▶ **EXERCISE DESCRIPTION**
A verbatim copy of all the data is required; the pictures should not appear in it.

▶ **RAW DATA**

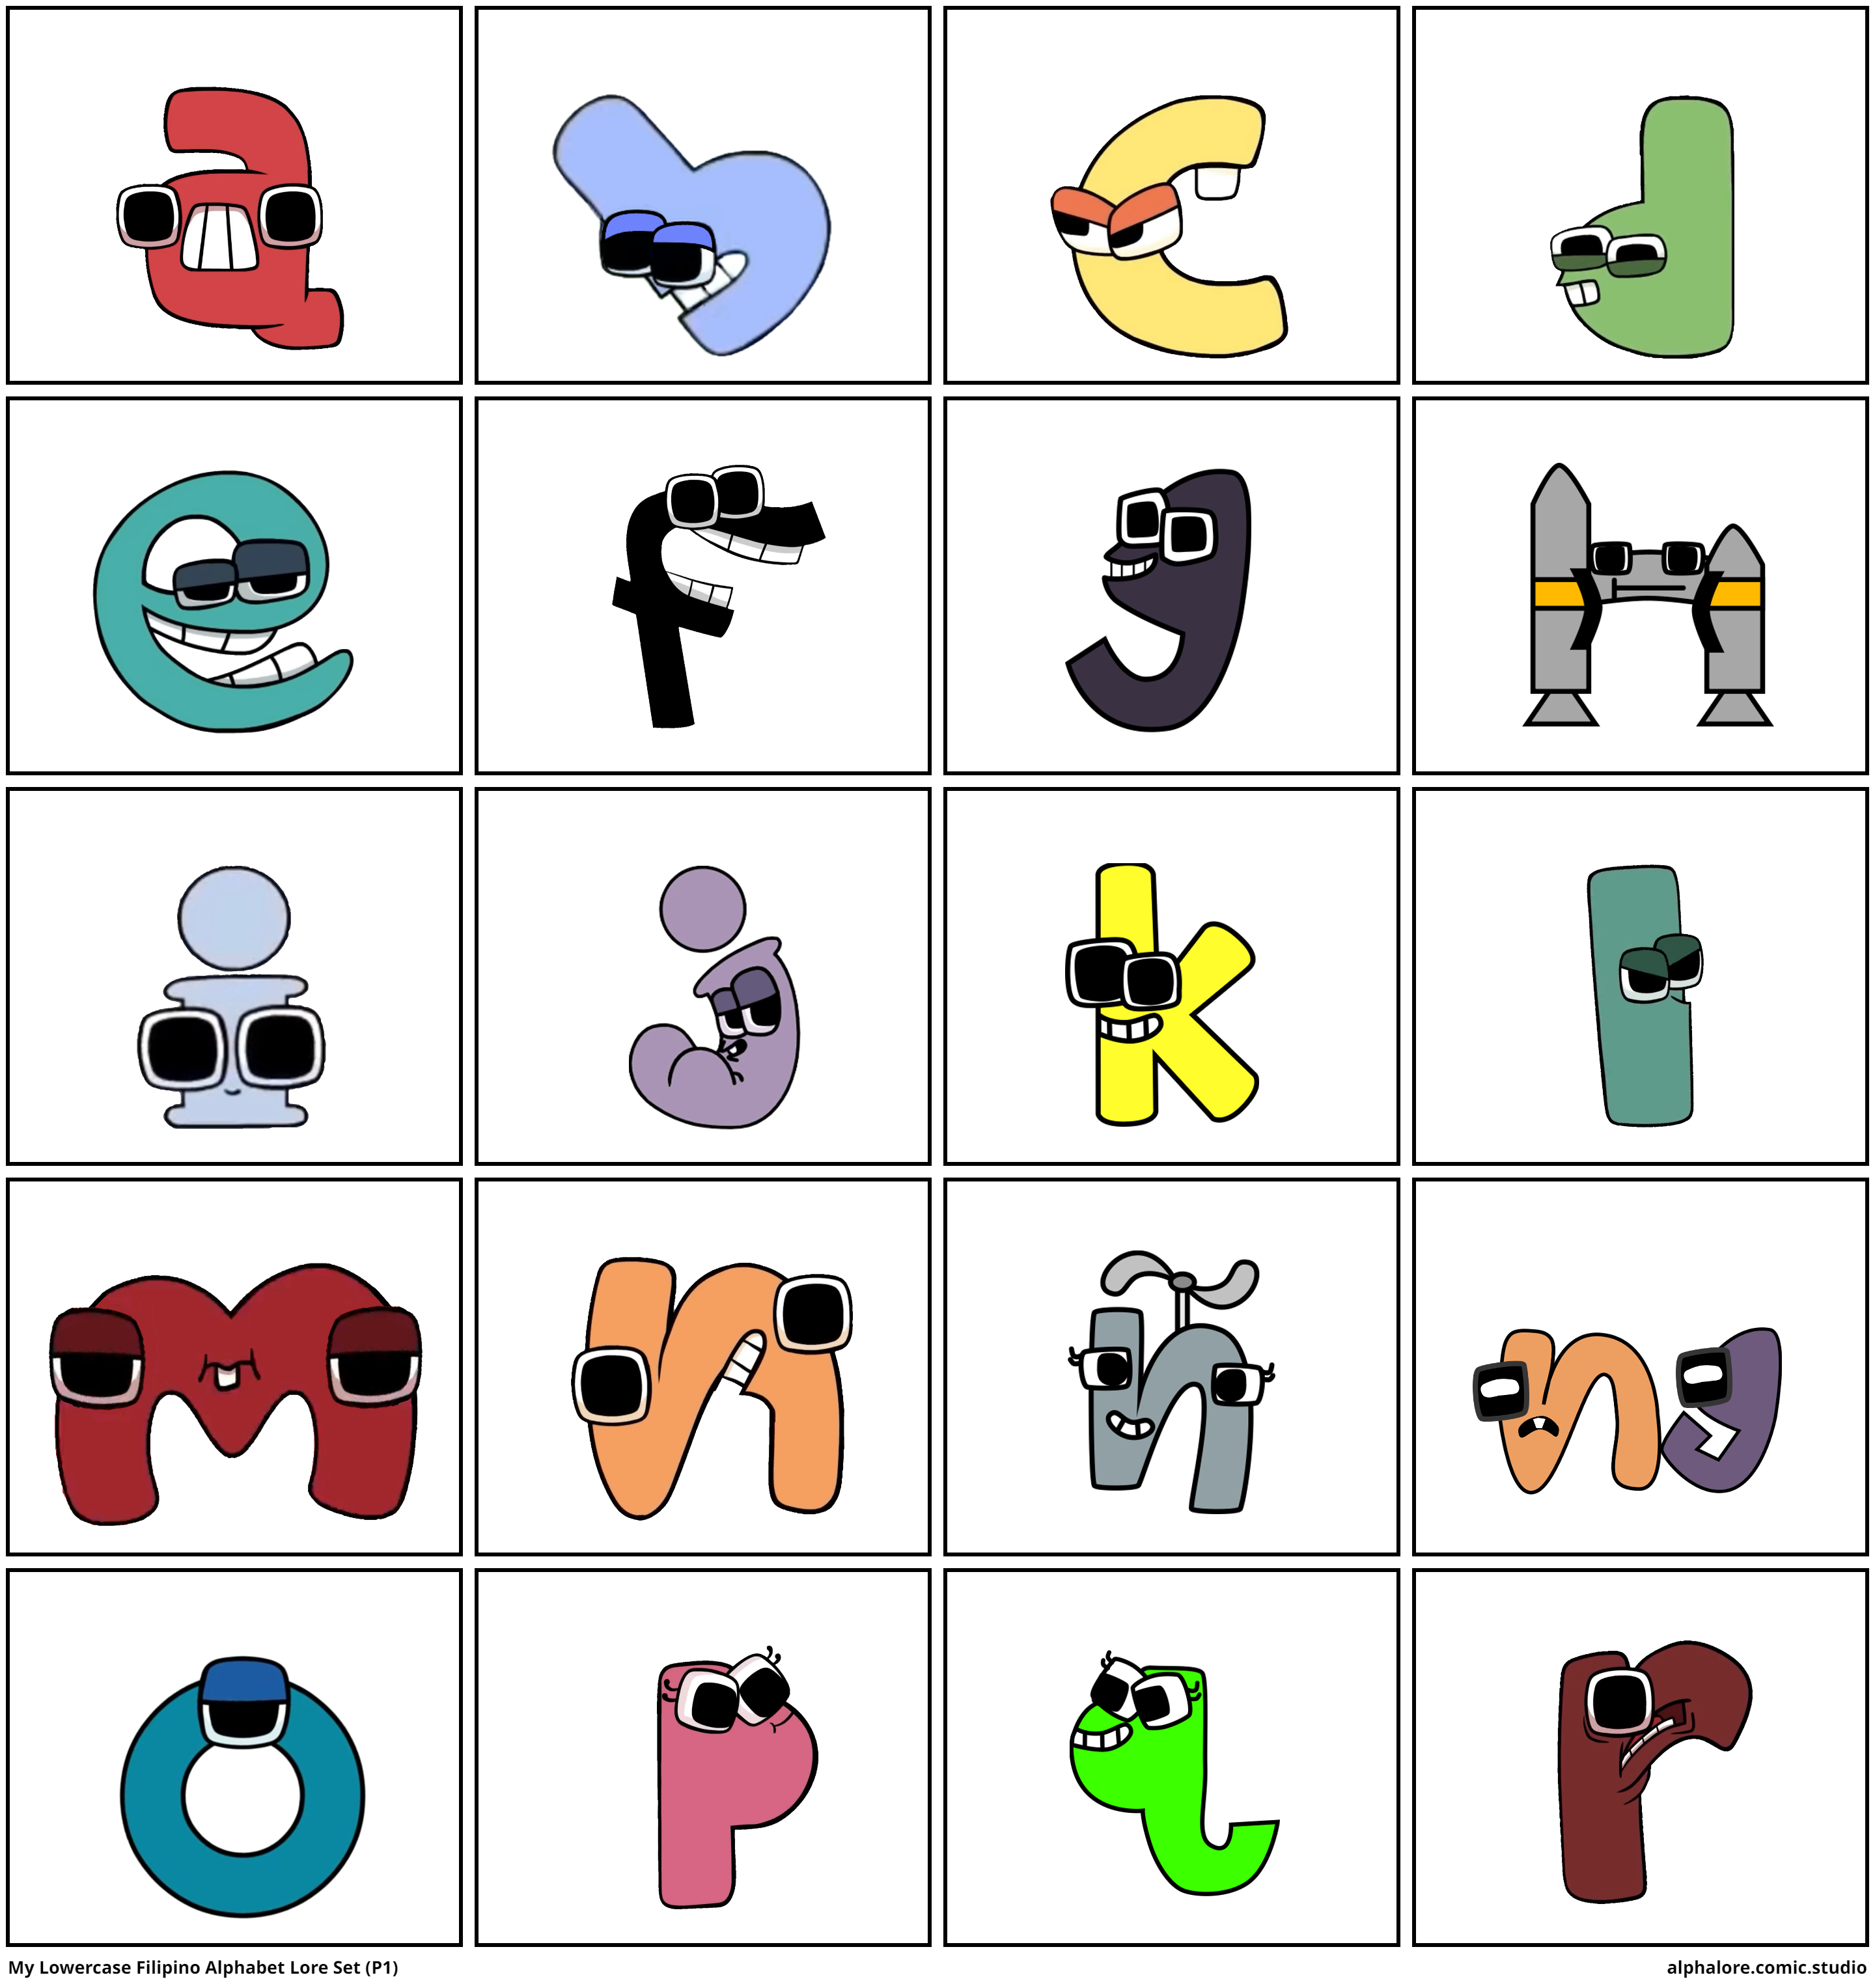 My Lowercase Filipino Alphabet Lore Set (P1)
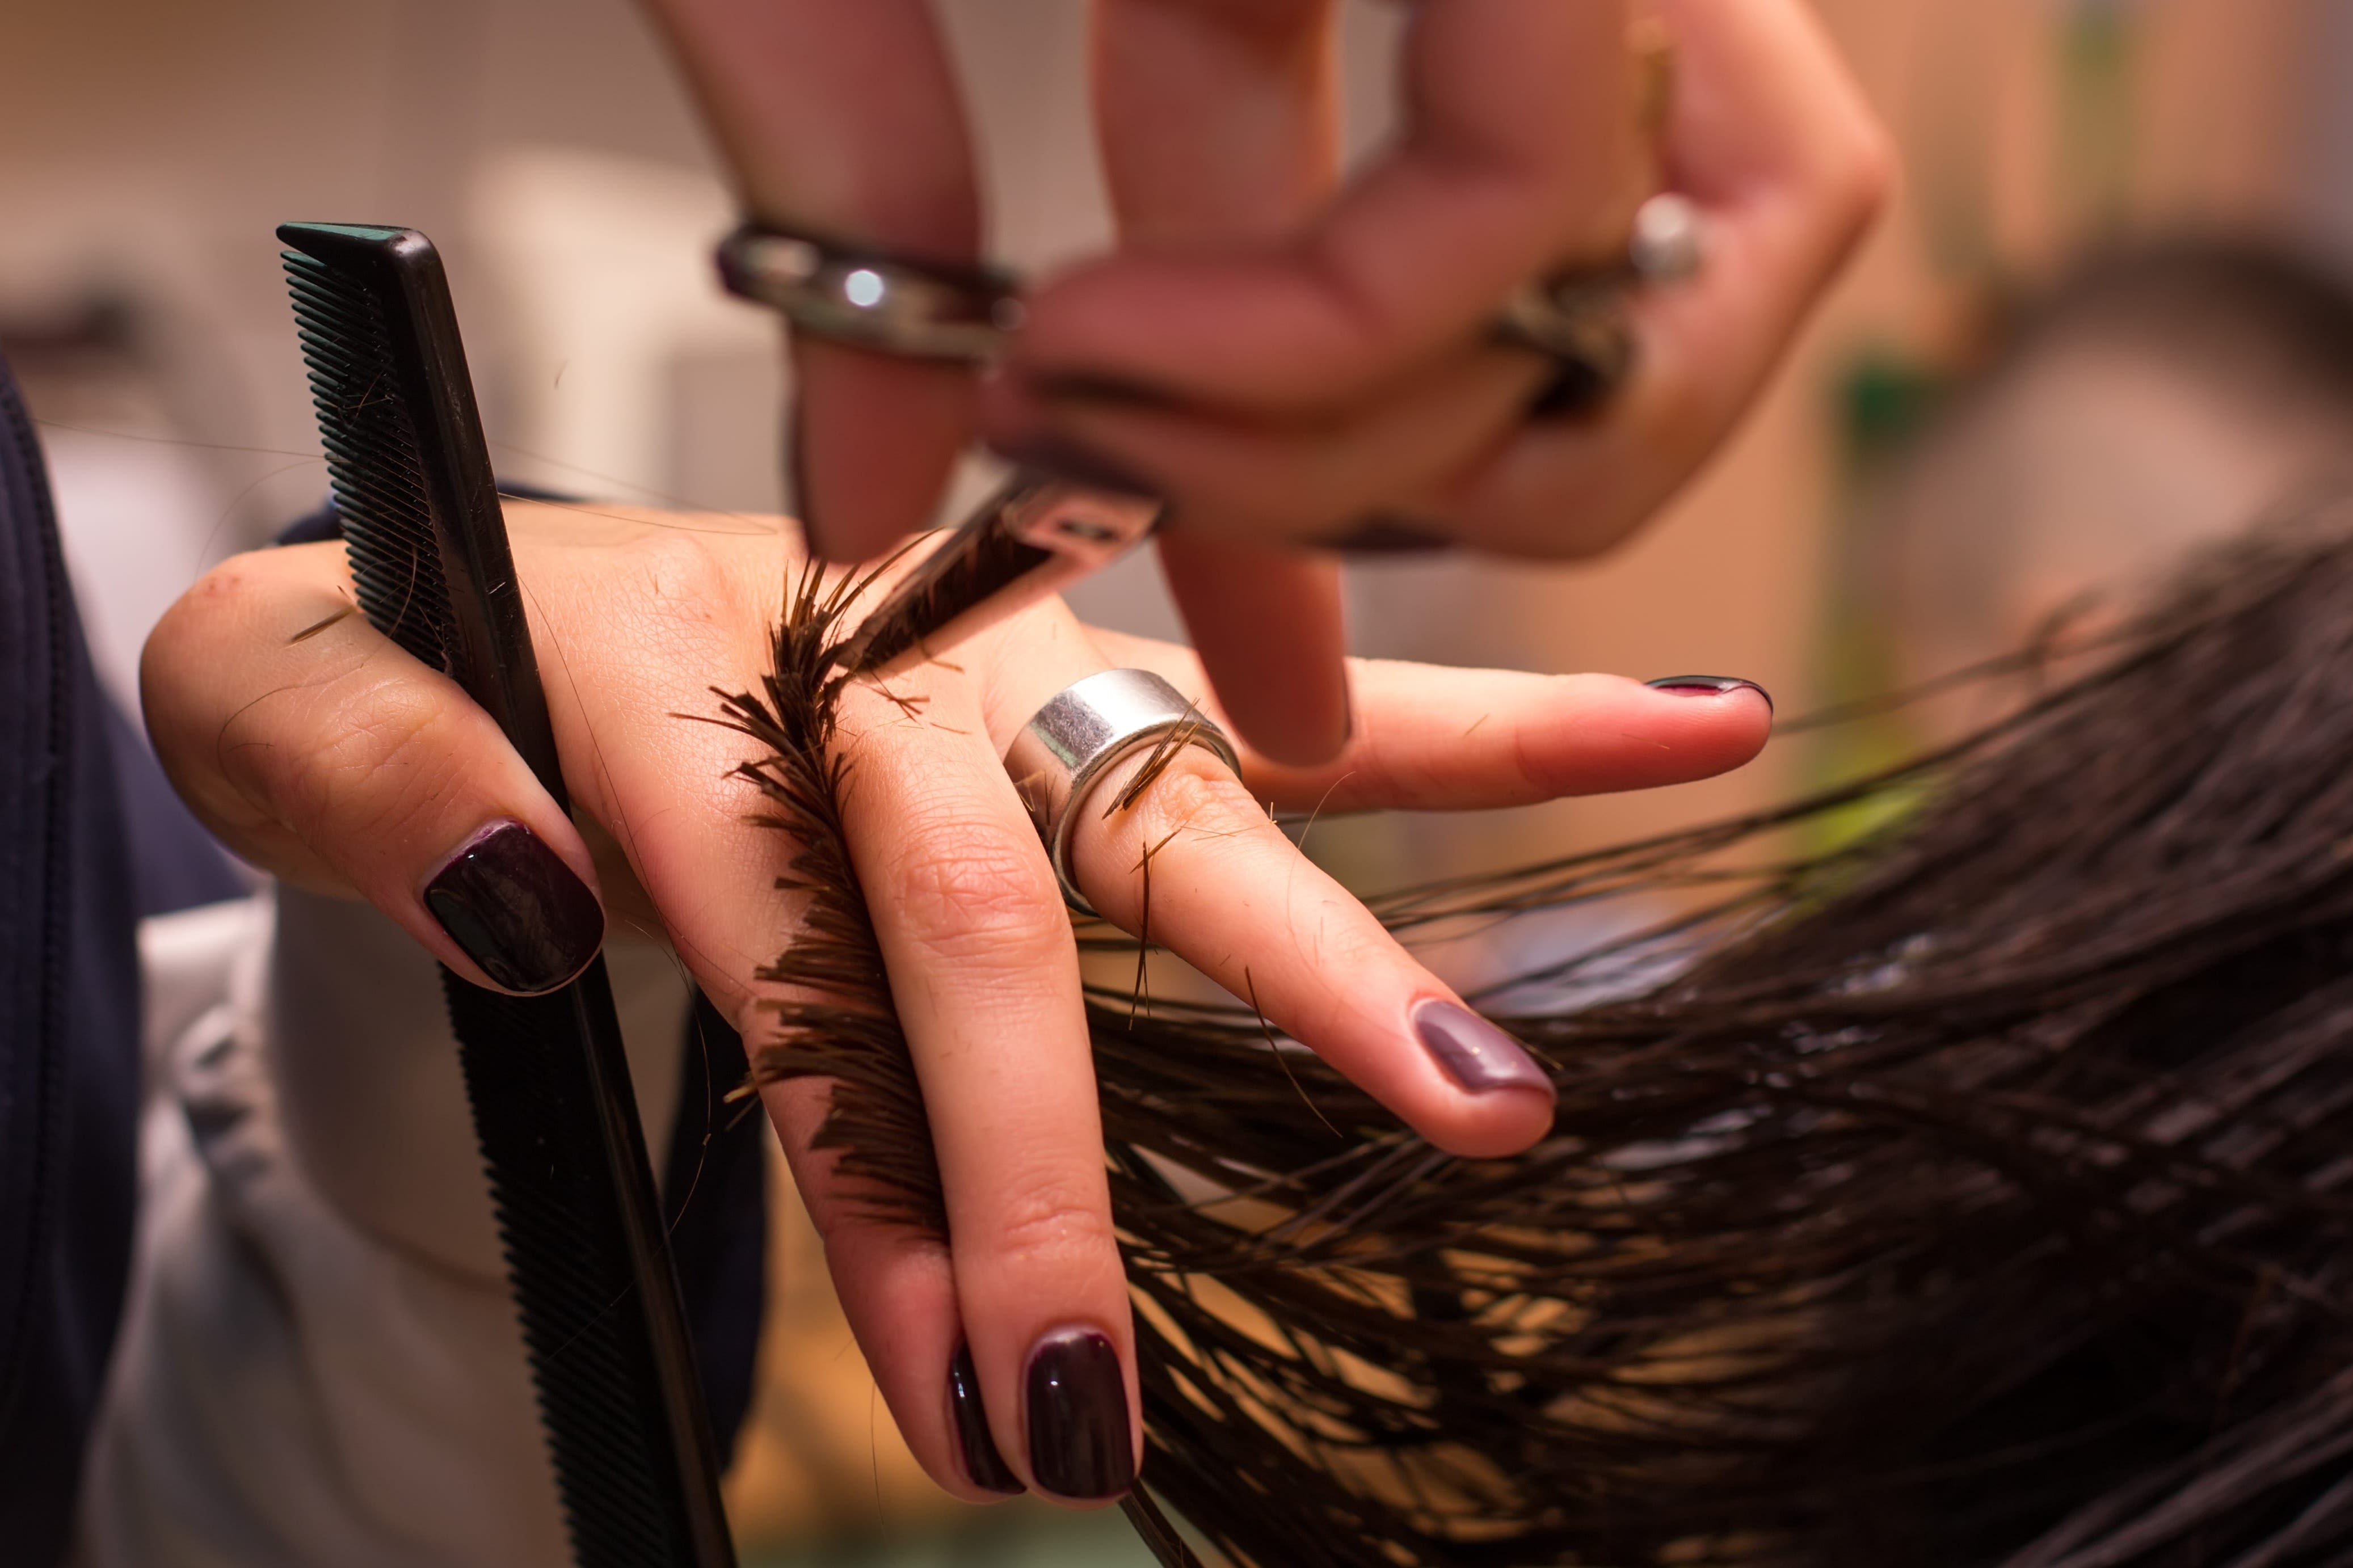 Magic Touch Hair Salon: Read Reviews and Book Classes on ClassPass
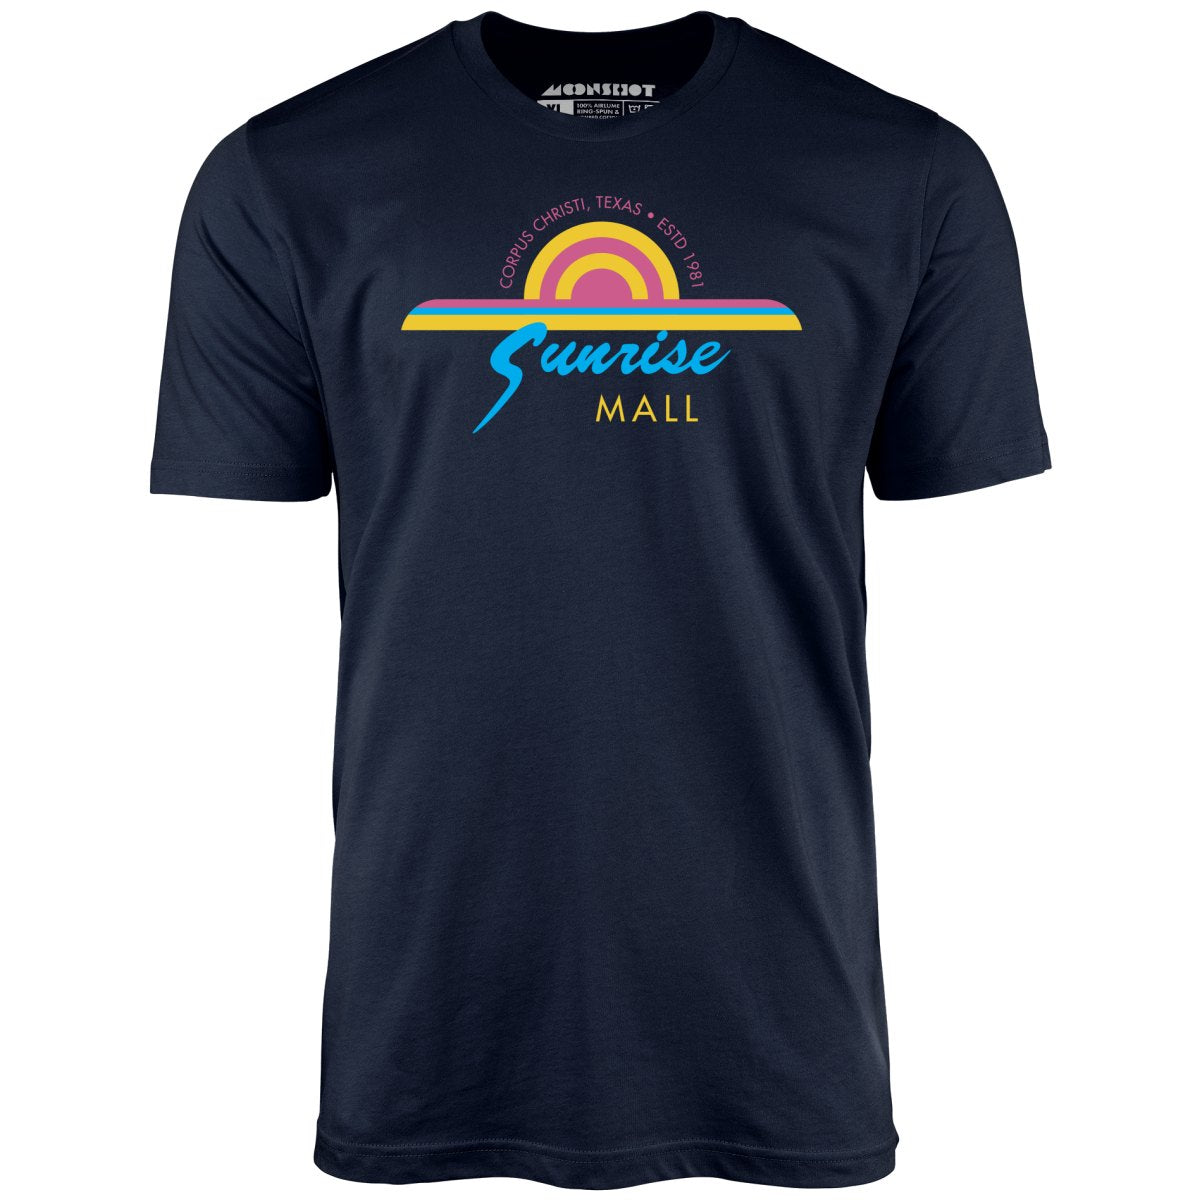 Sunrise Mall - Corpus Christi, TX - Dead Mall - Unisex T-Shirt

▶ **TASK OUTPUT**
 My Lowercase Filipino Alphabet Lore Set (P1)
 Magic Touch Hair Salon: Read Reviews and Book Classes on ClassPass
 Sunrise Mall - Corpus Christi, TX - Dead Mall - Unisex T-Shirt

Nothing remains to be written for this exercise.